I guess it could be a spring issue, but 800 rounds isn't a lot - although a 4" 1911 requires changing out sooner than a full size. It does sound like an extractor issue.


----------



## scooter

remove the slide and take out the barrel and slide a shell(loaded for weight) under the extractor and shake it a little. The extractor shouldnt let the case fall out easily, if it does it needs tensioning, if it doesnt its probably an ejector issue.

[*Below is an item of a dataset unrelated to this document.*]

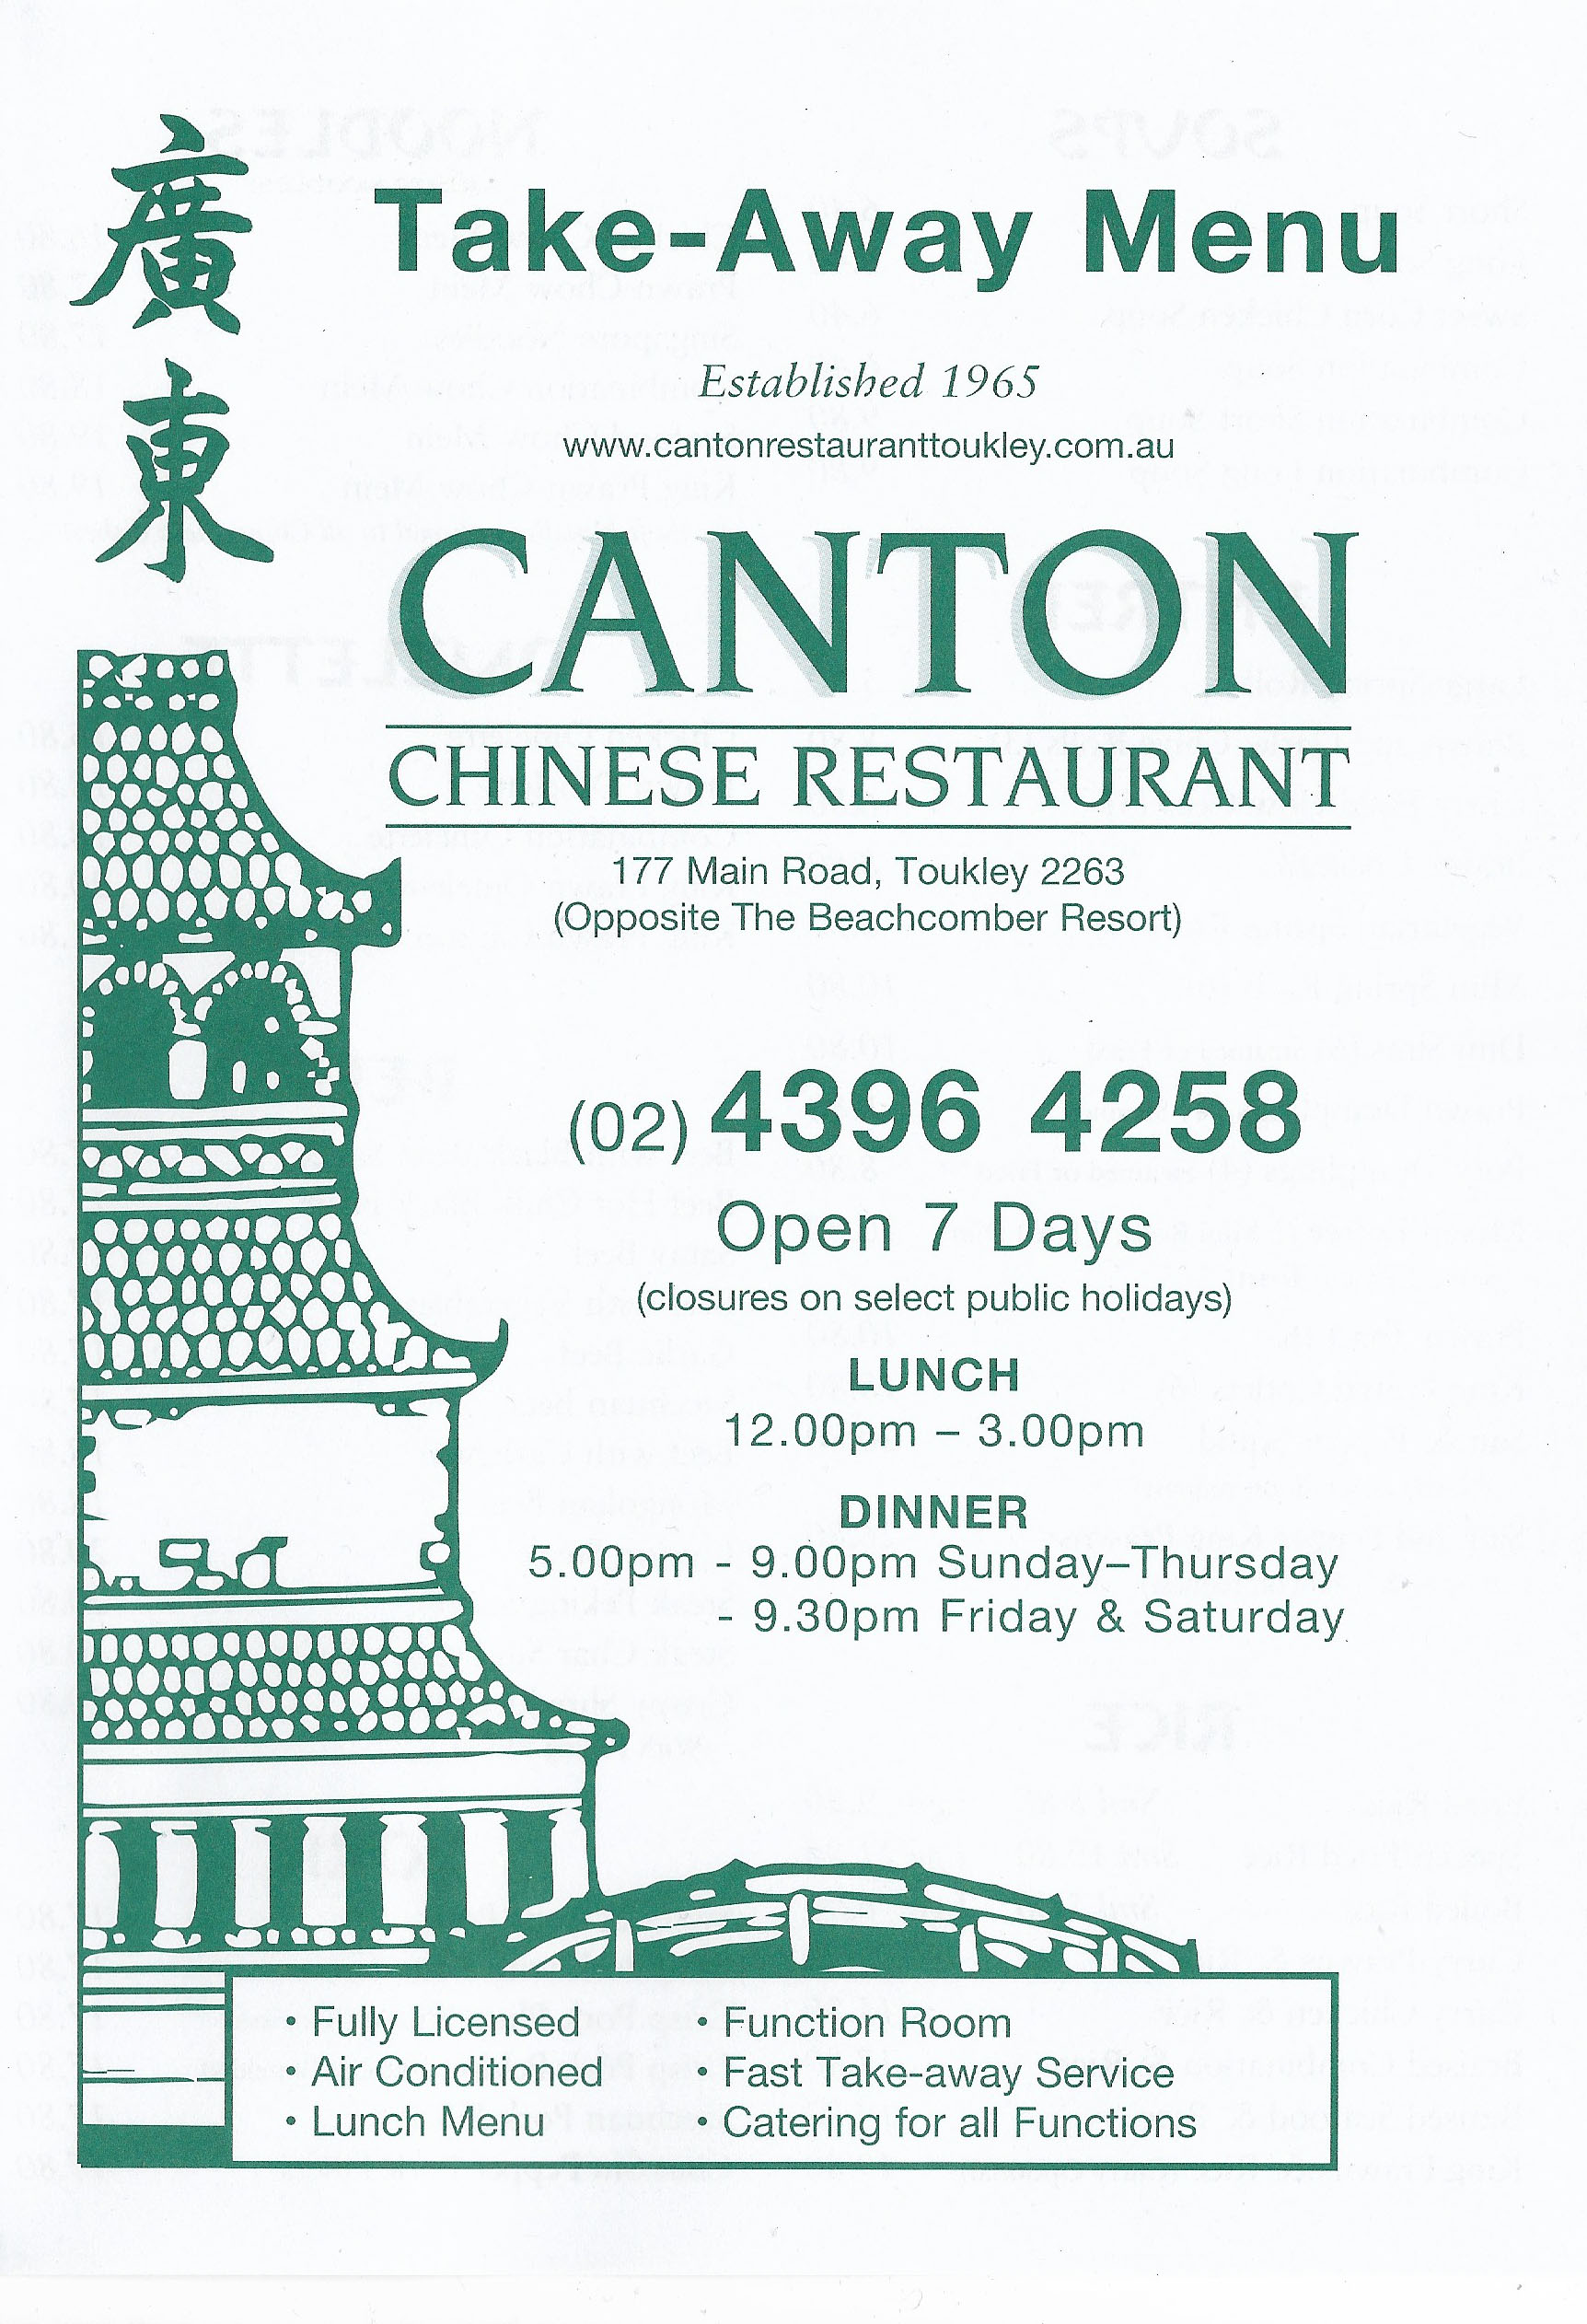 Canton Chinese Restaurant  Toukley Central Coast - NSW | OBZ Online Business Zone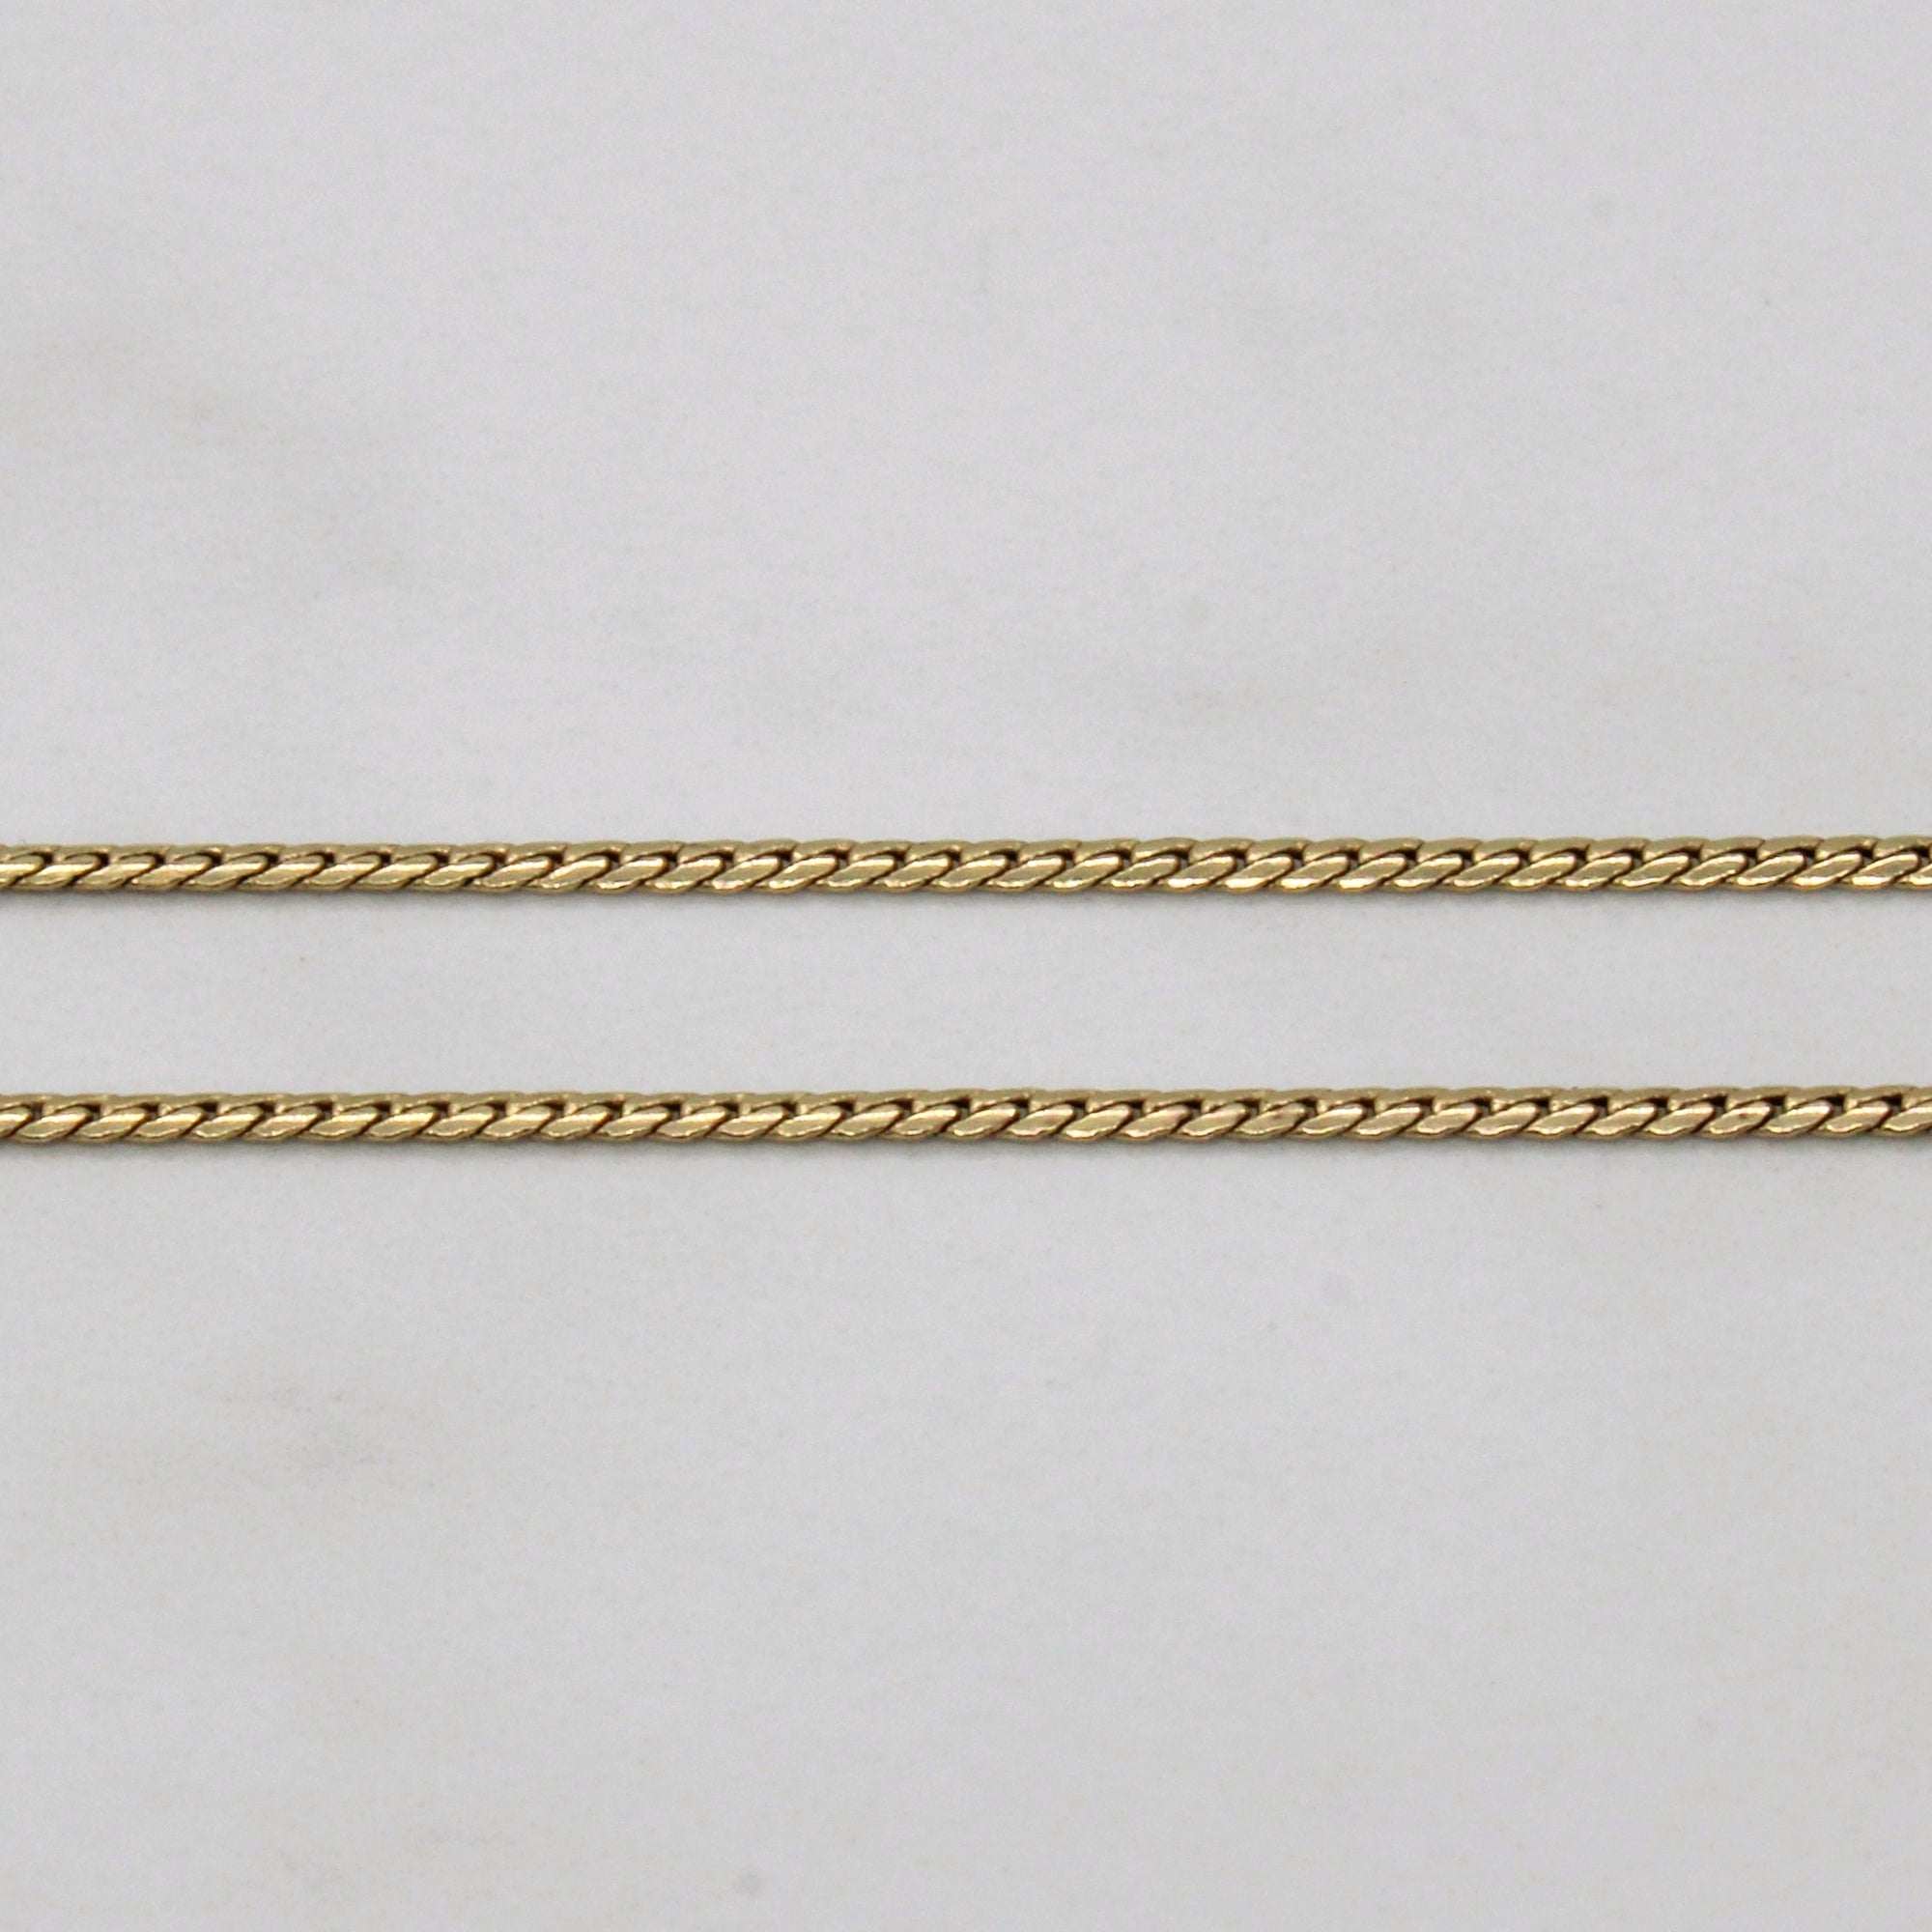 10k Yellow Gold Flat Link Chain | 20

Does the ejector (top left of frame) have an extension of about 3/16" protruding out towards the barrel end? if not its the wrong ejector or it has broken off. The shorter (commanders/compacts) have this extension and the Govt. models dont.


----------



## Old Padawan

buy a hat... :numbchuck:


----------



## Old Padawan

quit shooting ganster style??? :smt082


----------



## Old Padawan

Seriously. I had a Kimber CDPII pro for a bit more than a year. It went back to the factory three times. The darn thing would fail to extract after 6-8 mags. Kimber has great customer service and tried very hard to make the gun work. I was shooting at Front Sight on a night course, started having problems AGAIN. I sold it and bought a couple of Glocks. MAN I do miss that gun... On the bright side, you shuld see me clear a jam. Thing of beauty.


----------



## js

Old Padawan said:


> buy a hat...


Already wear one when shooting... I told the range owner I'm going to start a full face shield from now on... :mrgreen:

or could start a new shooters trend by wearing this... 












Old Padawan said:


> quit shooting ganster style???


I'm using the weaver stance... always have.


----------



## js

Old Padawan said:


> Seriously. I had a Kimber CDPII pro for a bit more than a year. It went back to the factory three times. The darn thing would fail to extract after 6-8 mags. Kimber has great customer service and tried very hard to make the gun work. I was shooting at Front Sight on a night course, started having problems AGAIN. I sold it and bought a couple of Glocks. MAN I do miss that gun... On the bright side, you shuld see me clear a jam. Thing of beauty.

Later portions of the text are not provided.